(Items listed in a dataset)
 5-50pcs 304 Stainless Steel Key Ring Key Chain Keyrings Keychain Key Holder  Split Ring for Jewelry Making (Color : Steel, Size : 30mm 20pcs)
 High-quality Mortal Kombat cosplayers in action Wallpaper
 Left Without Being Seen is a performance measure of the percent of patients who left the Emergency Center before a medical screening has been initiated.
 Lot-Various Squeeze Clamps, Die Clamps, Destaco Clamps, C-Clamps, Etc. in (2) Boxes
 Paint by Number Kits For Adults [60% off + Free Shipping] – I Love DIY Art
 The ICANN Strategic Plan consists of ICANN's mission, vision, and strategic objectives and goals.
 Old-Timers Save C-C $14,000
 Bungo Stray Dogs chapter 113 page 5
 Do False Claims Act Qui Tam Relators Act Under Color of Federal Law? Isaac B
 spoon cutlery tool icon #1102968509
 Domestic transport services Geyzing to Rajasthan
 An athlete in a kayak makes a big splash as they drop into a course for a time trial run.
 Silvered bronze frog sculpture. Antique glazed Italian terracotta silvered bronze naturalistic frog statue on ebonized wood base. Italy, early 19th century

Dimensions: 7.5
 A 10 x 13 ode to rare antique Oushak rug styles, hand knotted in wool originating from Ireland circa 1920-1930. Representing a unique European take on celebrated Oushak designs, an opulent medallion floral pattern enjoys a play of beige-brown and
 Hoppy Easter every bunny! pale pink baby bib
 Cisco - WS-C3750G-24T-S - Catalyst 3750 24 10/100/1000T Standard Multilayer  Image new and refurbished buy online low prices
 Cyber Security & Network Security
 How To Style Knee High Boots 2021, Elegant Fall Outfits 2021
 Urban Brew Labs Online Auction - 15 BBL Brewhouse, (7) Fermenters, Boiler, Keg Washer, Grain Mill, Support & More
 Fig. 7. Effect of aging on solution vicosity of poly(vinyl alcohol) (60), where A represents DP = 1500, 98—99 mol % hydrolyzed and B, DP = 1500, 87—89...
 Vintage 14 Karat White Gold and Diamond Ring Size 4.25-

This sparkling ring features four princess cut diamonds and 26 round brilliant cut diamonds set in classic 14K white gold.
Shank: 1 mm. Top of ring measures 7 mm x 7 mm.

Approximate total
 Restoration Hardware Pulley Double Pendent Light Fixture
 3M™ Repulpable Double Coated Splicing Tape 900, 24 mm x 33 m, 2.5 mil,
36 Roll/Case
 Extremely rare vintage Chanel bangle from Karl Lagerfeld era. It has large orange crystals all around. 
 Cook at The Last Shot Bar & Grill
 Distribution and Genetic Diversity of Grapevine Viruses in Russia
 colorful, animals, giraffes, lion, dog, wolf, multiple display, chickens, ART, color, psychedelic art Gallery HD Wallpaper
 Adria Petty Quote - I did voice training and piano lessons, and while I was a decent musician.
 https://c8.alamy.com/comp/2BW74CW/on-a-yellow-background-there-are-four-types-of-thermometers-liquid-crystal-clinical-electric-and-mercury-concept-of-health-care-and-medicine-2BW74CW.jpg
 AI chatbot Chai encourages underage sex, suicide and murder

Problem details:
The data above should be returned exactly as written.

Answer to the problem:
 5-50pcs 304 Stainless Steel Key Ring Key Chain Keyrings Keychain Key Holder  Split Ring for Jewelry Making (Color : Steel, Size : 30mm 20pcs)
 High-quality Mortal Kombat cosplayers in action Wallpaper
 Left Without Being Seen is a performance measure of the percent of patients who left the Emergency Center before a medical screening has been initiated.
 Lot-Various Squeeze Clamps, Die Clamps, Destaco Clamps, C-Clamps, Etc. in (2) Boxes
 Paint by Number Kits For Adults [60% off + Free Shipping] – I Love DIY Art
 The ICANN Strategic Plan consists of ICANN's mission, vision, and strategic objectives and goals.
 Old-Timers Save C-C $14,000
 Bungo Stray Dogs chapter 113 page 5
 Do False Claims Act Qui Tam Relators Act Under Color of Federal Law? Isaac B
 spoon cutlery tool icon #1102968509
 Domestic transport services Geyzing to Rajasthan
 An athlete in a kayak makes a big splash as they drop into a course for a time trial run.
 Silvered bronze frog sculpture. Antique glazed Italian terracotta silvered bronze naturalistic frog statue on ebonized wood base. Italy, early 19th century

Dimensions: 7.5
 A 10 x 13 ode to rare antique Oushak rug styles, hand knotted in wool originating from Ireland circa 1920-1930. Representing a unique European take on celebrated Oushak designs, an opulent medallion floral pattern enjoys a play of beige-brown and
 Hoppy Easter every bunny! pale pink baby bib
 Cisco - WS-C3750G-24T-S - Catalyst 3750 24 10/100/1000T Standard Multilayer  Image new and refurbished buy online low prices
 Cyber Security & Network Security
 How To Style Knee High Boots 2021, Elegant Fall Outfits 2021
 Urban Brew Labs Online Auction - 15 BBL Brewhouse, (7) Fermenters, Boiler, Keg Washer, Grain Mill, Support & More
 Fig. 7. Effect of aging on solution vicosity of poly(vinyl alcohol) (60), where A represents DP = 1500, 98—99 mol % hydrolyzed and B, DP = 1500, 87—89...
 Vintage 14 Karat White Gold and Diamond Ring Size 4.25-

This sparkling ring features four princess cut diamonds and 26 round brilliant cut diamonds set in classic 14K white gold.
Shank: 1 mm. Top of ring measures 7 mm x 7 mm.

Approximate total
 Restoration Hardware Pulley Double Pendent Light Fixture
 3M™ Repulpable Double Coated Splicing Tape 900, 24 mm x 33 m, 2.5 mil,
36 Roll/Case
 Extremely rare vintage Chanel bangle from Karl Lagerfeld era. It has large orange crystals all around. 
 Cook at The Last Shot Bar & Grill
 Distribution and Genetic Diversity of Grapevine Viruses in Russia
 colorful, animals, giraffes, lion, dog, wolf, multiple display, chickens, ART, color, psychedelic art Gallery HD Wallpaper
 Adria Petty Quote - I did voice training and piano lessons, and while I was a decent musician.
 https://c8.alamy.com/comp/2BW74CW/on-a-yellow-background-there-are-four-types-of-thermometers-liquid-crystal-clinical-electric-and-mercury-concept-of-health-care-and-medicine-2BW74CW.jpg
 AI chatbot Chai encourages underage sex, suicide and murder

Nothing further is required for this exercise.